The vertical order traversal of the binary tree is:
[1]
[2]
[4, 3, 6]
[5, 18]
[7]
[19]

Time Complexity: The above solution is based on the technique of hashing, whose time complexity is considered as O(n), where n is the total number of nodes present in the binary tree. Note that the O(n) time complexity is achieved when we use a good hashing method, which permits the retrieval as well as the insertion operation in O(1) time.

Approach 3: Using Level Order Traversal

One can also use the concept of the level order traversal to achieve the vertical order traversal. We take the help of a queue to do the traversal of nodes. Each element of the queue provides information about the horizontal distance and the node of the binary tree.

Similar to other approaches, in this approach also, we find the horizontal distance by taking the root node of the tree as the reference point. Also, the leftward movement from the root node adds -1 on each of the successive nodes. Similarly, the rightward movement from the root node adds +1 on each successive node. After the level order traversal of the tree is completed, we pop out the elements from the queue one by one.

The vertical lines, as shown in the above diagram, can be considered as a level on which the nodes are lying. To point out which node is lying on the same vertical line can be found out using the horizontal distance (horDis). We can put these nodes in an array list, and corresponding to the list, there will be the horizontal distance. We put the list and the horizontal distance in a map. Eventually, we iterate over the map to display the results.

Implementation

Let's see the implementation of the vertical order traversal of a binary tree using the level order traversal.
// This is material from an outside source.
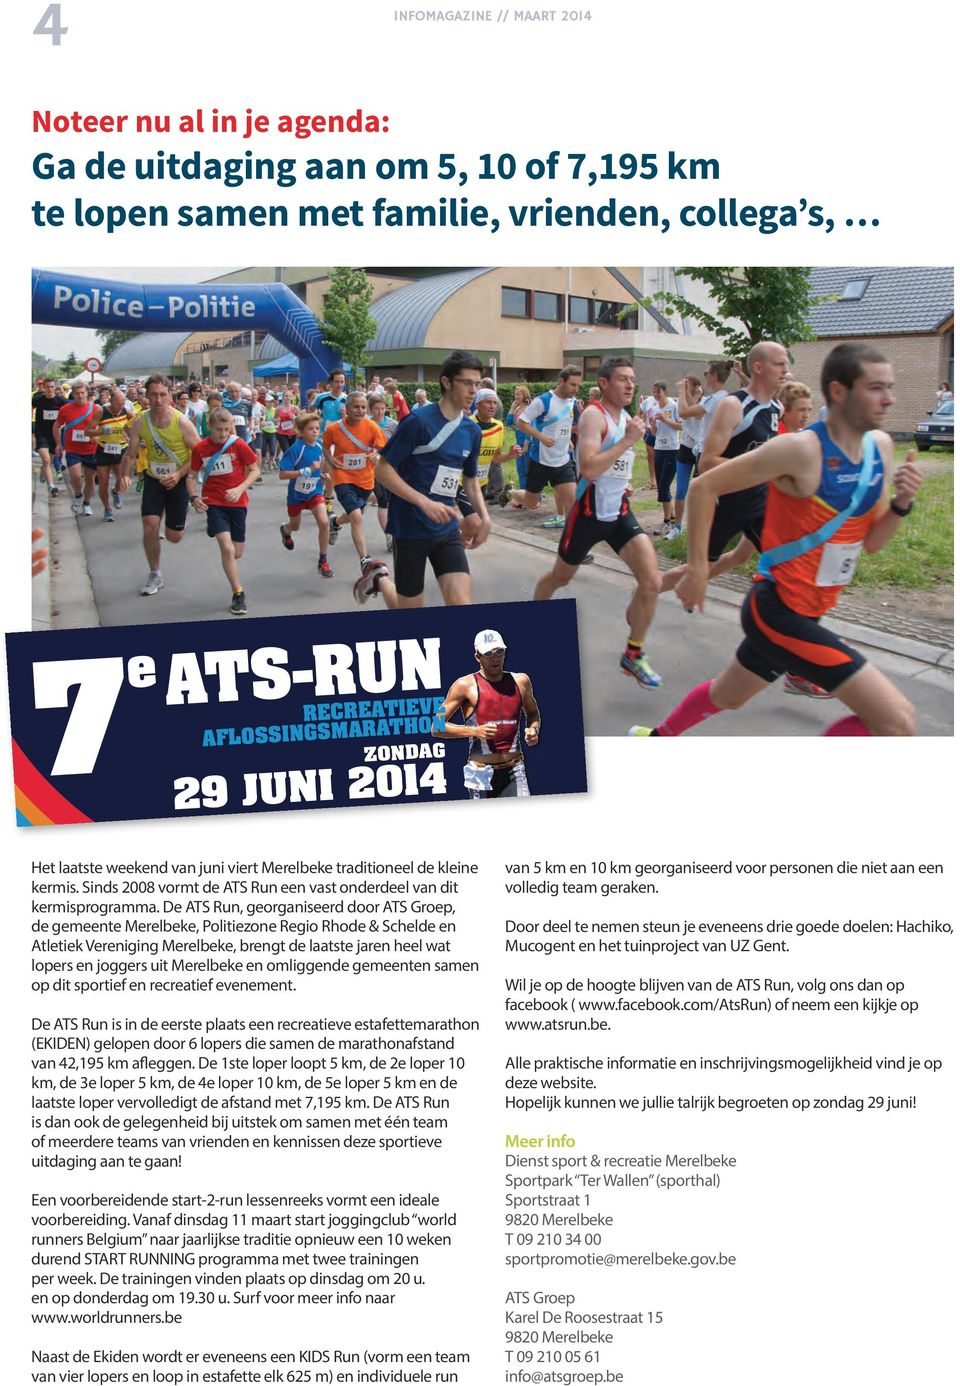 De ATS Run, georganiseerd door ATS Groep, de gemeente Merelbeke, Politiezone Regio Rhode & Schelde en Atletiek Vereniging Merelbeke, brengt de laatste jaren heel wat lopers en joggers uit Merelbeke

FileName: VerticalTraversalExample1.java

// important import statements
import java.util.Map;
import java.util.TreeMap;
import java.util.Queue;
import java.util.LinkedList;
import java.util.ArrayList;
// a node of a binary tree
class BinaryTreeNode 
{
// for keeping the value of a node
int v;
// l and r represents the  
// left child and the right child of a node
BinaryTreeNode l, r;
// constructor of the class BinaryTreeNode
// the construct and initializes the class fields
public BinaryTreeNode(int i)
{
v = i;
r = null;
l = null;
}
}
class QueObj 
{
int horDis;
BinaryTreeNode node;
// constructor of the class QueObj
QueObj(int horDis, BinaryTreeNode nde)
{
this.horDis = horDis;
this.node = nde;
}
}
public class VerticalTraversalExample2 
{
BinaryTreeNode rt;
// The method to display the vertical order of the binary tree with 
// the given paratmeter r
public void printVerticalOrder(BinaryTreeNode r)
{
// handling the base case
if (r == null)
{
return;
}
// Creating the map and storing the vertical order in
// the map using the method getVerticalOrder()
TreeMap<Integer, ArrayList<Integer> > tm = new TreeMap<>();
int horDis = 0;
// Creating a queue to achieve the level order traversal.
// Every item in the queue is the node and
// its horizontal distance.
Queue<QueObj> q = new LinkedList<QueObj>();
q.add(new QueObj(0, r));
while (!q.isEmpty()) 
{
// performing pop from the queue front
QueObj t = q.poll();
horDis = t.horDis;
BinaryTreeNode node = t.node;
// insert date of the node in the hash array
if (tm.containsKey(horDis)) 
{
tm.get(horDis).add(node.v);
}
else 
{
ArrayList<Integer> alist = new ArrayList<>();
alist.add(node.v);
tm.put(horDis, alist);
}
if (node.l != null)
{
q.add(new QueObj(horDis - 1, node.l));
}
if (node.r != null)
{
q.add(new QueObj(horDis + 1, node.r));
}
}
// Traversing the map and displaying the nodes at
// the every horizontal distance (horDis)
for (Map.Entry<Integer, ArrayList<Integer> > entry : tm.entrySet()) 
{
ArrayList<Integer> alist = entry.getValue();
for (Integer in : alist)
{
System.out.print(in + " ");
}
System.out.println();
}
}
// main method
public static void main(String argvs[])
{
// creating an object of the class VerticalTraversalExample2
VerticalTraversalExample2 tree = new VerticalTraversalExample2();
// constructing the binary tree as shown 
// in the above diagram
tree.rt = new BinaryTreeNode ( 4 );
tree.rt.l = new BinaryTreeNode ( 2 );
tree.rt.r = new BinaryTreeNode ( 5 );
tree.rt.l.l = new BinaryTreeNode ( 1 );
tree.rt.l.r = new BinaryTreeNode ( 3 );
tree.rt.r.l = new BinaryTreeNode ( 6 );
tree.rt.r.r = new BinaryTreeNode ( 7 );
tree.rt.r.l.r = new BinaryTreeNode ( 18 );
tree.rt.r.r.r = new BinaryTreeNode ( 19 );
// print statement
System.out.println("The vertical order traversal of the binary tree is: ");
// invoking the method printVerticalOrder() for printing the nodes in the vertical order
tree.printVerticalOrder(tree.rt);
}
}

Output:

The vertical order traversal of the binary tree is: 
1 
2 
4 3 6 
5 18 
7 
19

Time Complexity: The time complexity of the above program is O(n), where n is the total number of nodes present in the tree.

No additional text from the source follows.